In the listing that follows, the range to quote begins at the line that has "The lynx, which" and ends after the line that has "watch dragonball gt episodes in english"; quote it verbatim and add nothing.

-- Supplied information follows --

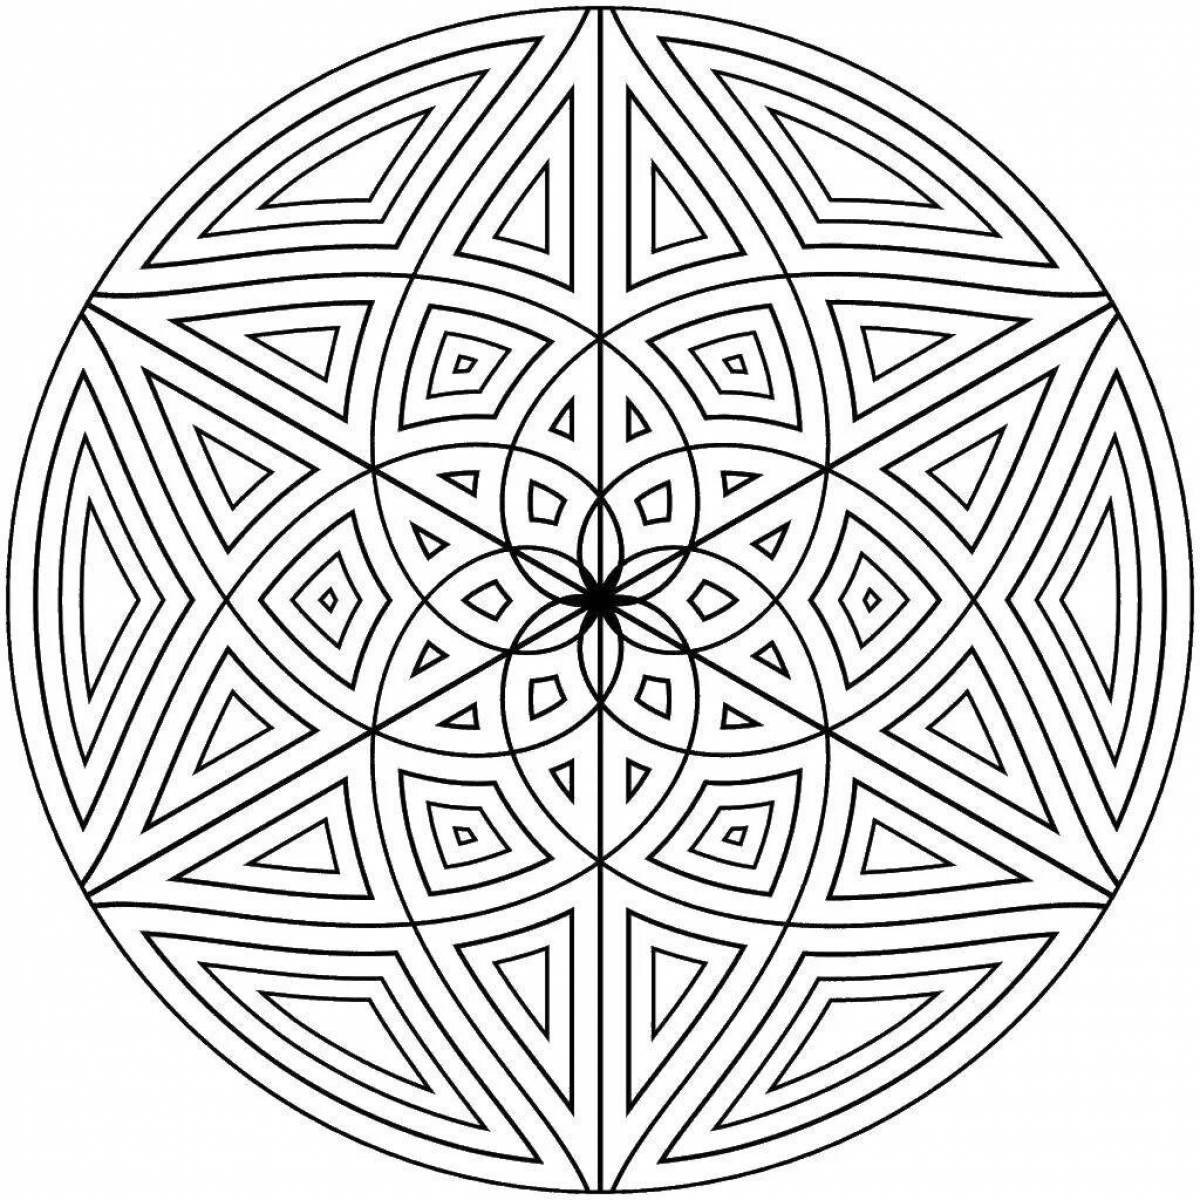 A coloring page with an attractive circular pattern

-- Supplied information concluded --
-- Supplied information follows --

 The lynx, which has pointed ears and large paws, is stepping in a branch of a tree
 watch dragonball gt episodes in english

-- Supplied information concluded --

Output
 The lynx, which has pointed ears and large paws, is stepping in a branch of a tree
 watch dragonball gt episodes in english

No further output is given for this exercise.